Saulteaux band government in Saskatchewan, Canada

Yellow Quill First Nation (Ozaawiigwanong) (formerly Nut Lake Band of Saulteaux) is a Saulteaux First Nation band government in Saskatchewan, Canada. Their reserve is twenty kilometres northwest of Kelvington. The Yellow Quill First Nation is a signatory of Treaty No. 4, which was signed by Chief Yellow-quill on August 24, 1876.

Total registered population in October 2007, was 2,522, of which the on-reserve population was 800+ members, and off-reserve population was 1600+ members. The First Nation is a member of the Saskatoon Tribal Council and have their urban offices in Saskatoon as well as their Tribal Council offices.

== History ==

The First Nation was originally part of the Yellow-quill Saulteaux Band, a Treaty Band named after a Treaty 4 signatory Chief Ošāwaškokwanēpi, whose name means "Green/Blue-quill." However, due to "š" merging with "s" in Nakawēmowin (Saulteaux language), this led to a mistranslation of his name as "Yellow-quill"—"yellow" being osāw-, while "green/blue" being ošāwaško- (or osāwasko- in Saulteaux). Soon after the death of Chief Ošāwaškokwanēpi, the Band divided into three groups, of which the central division about Nut Lake became the Nut Lake Band of Saulteaux, located on the Nut Lake Indian Reserve. In 1989, the Band changed their name to "Yellowquill"—one word—in honour the founding chief; however, when their post office opened in 1993, it was named as "Yellow Quill"—two words.

The flag of the Yellow Quill First Nation.

==Reserves==
The First Nation have reserved for themselves four reserves:
- 5858.8 ha Yellowquill Indian Reserve 90 (formerly Nut Lake Indian Reserve 90), which serves as their main Reserve, containing the community of Yellow Quill.
- 64.8 ha Yellow Quill Indian Reserve 90-8
- 195 ha Yellow Quill Indian Reserve 90-18
- 37.1 ha Treaty Four Reserve Grounds 77, which is shared with 32 other First Nations.

In addition, there are 17000 acres in newly acquired Treaty Land Entitlement lands.

== Governance ==
Yellow Quill have an elected tribal council consisting of a chief and seven councillors.
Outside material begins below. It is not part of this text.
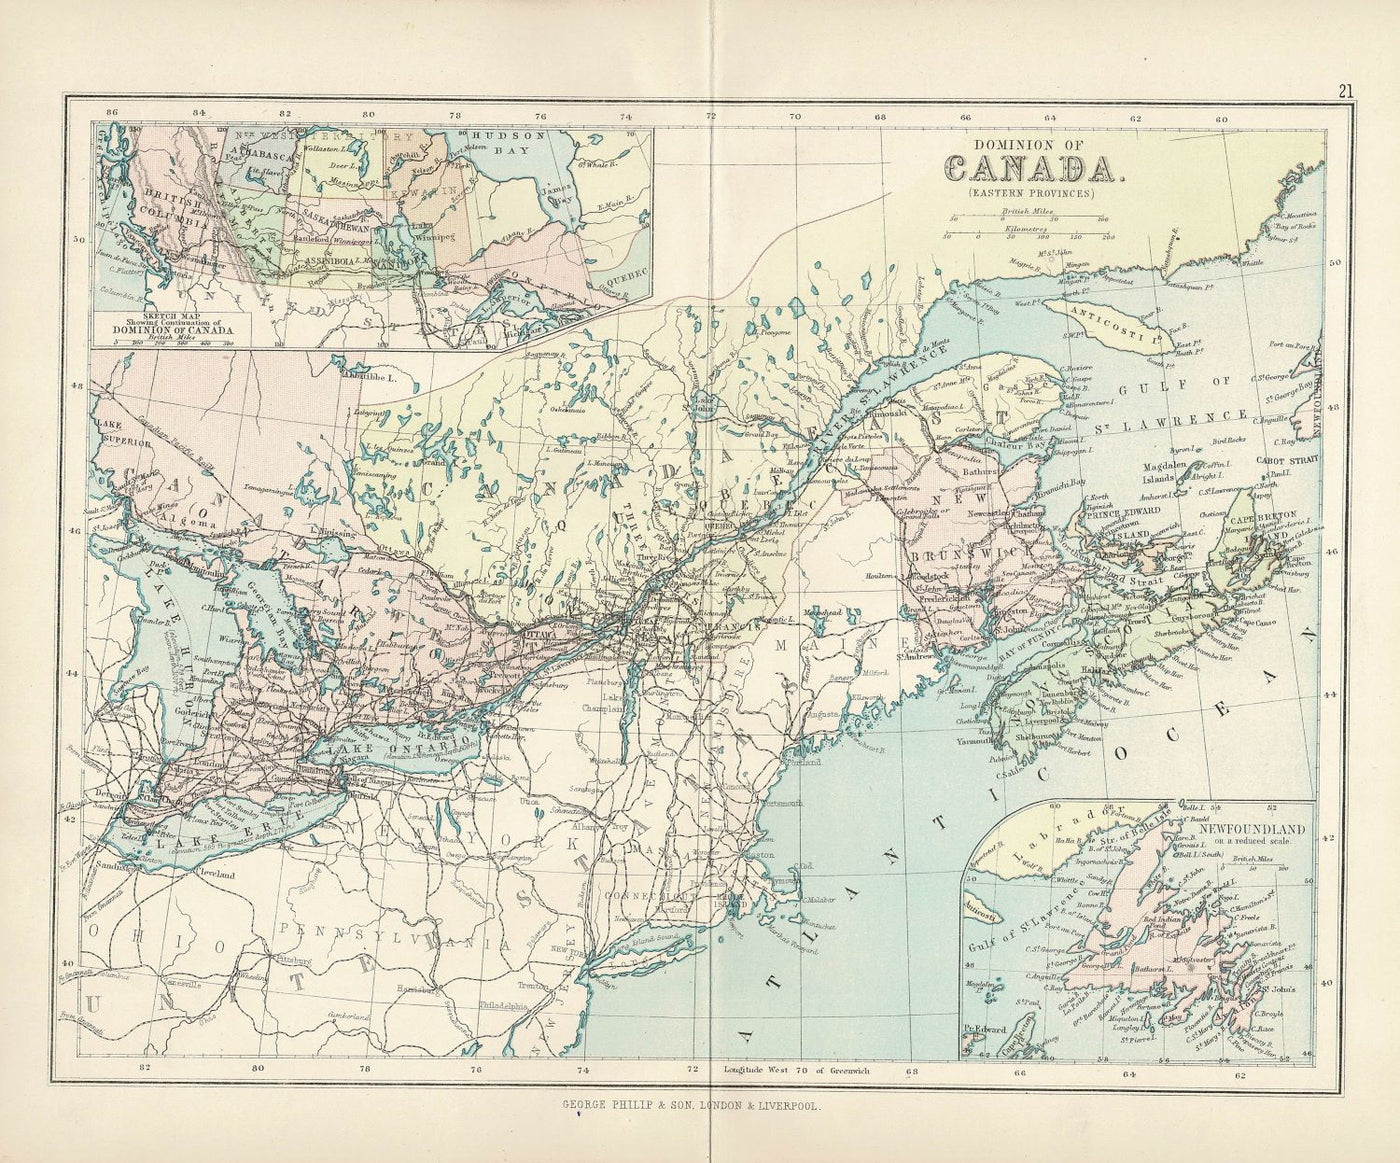 Eastern Canada, Antique Map, 1886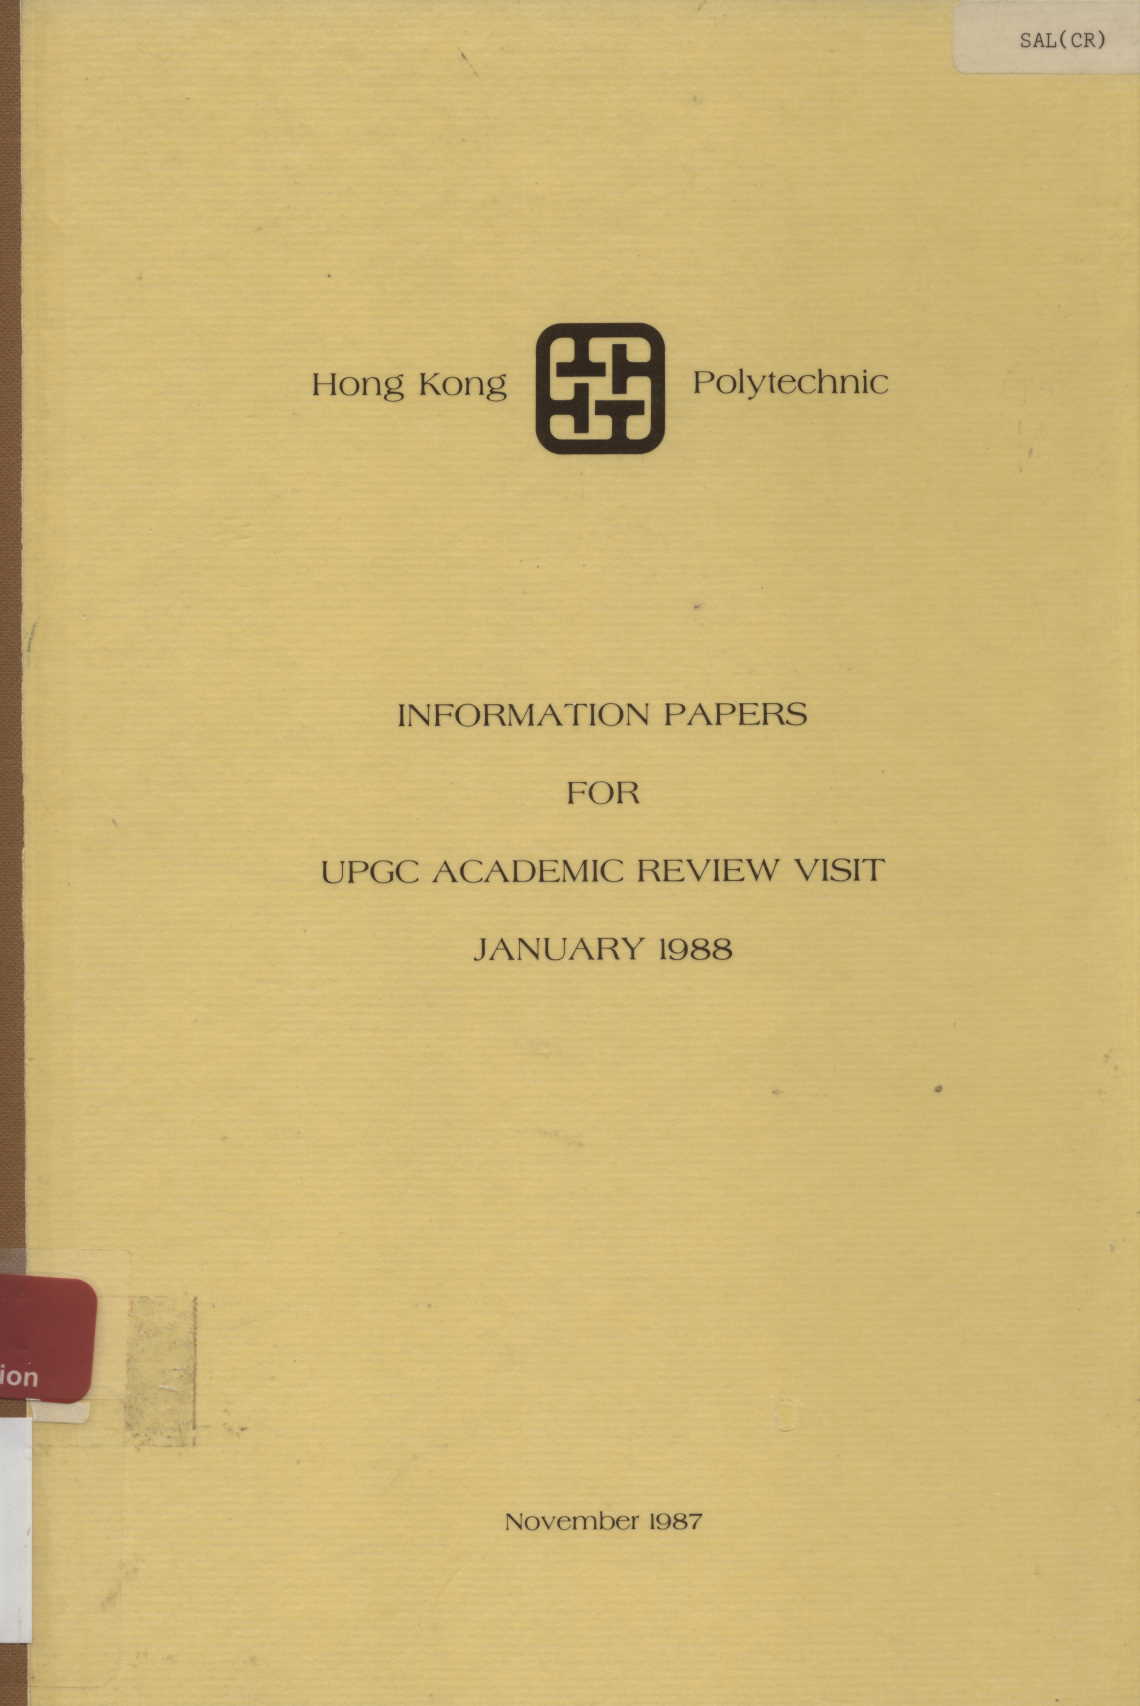 Information papers for UPGC academic review visit January 1988

The current council for the three-year-long electoral term ending on November 26, 2026 consists of Chief John Machiskinic and Councilors Terry Moose, Kashtin Nashacappo, Brandon Peequaquat, Charlene Peequaquat, Erin Poochay, Eric Squirrel, and Clarissa Whitehead.

== Services ==
Yellow Quill operates Yellow Quill Health Centre, Nawigizigweyas School (K-12), Yellow Quill Daycare, Robert Neapetung Memorial Water Treatment Plant, Yellow Quill Store, and the Band Office, all of which are on reserve.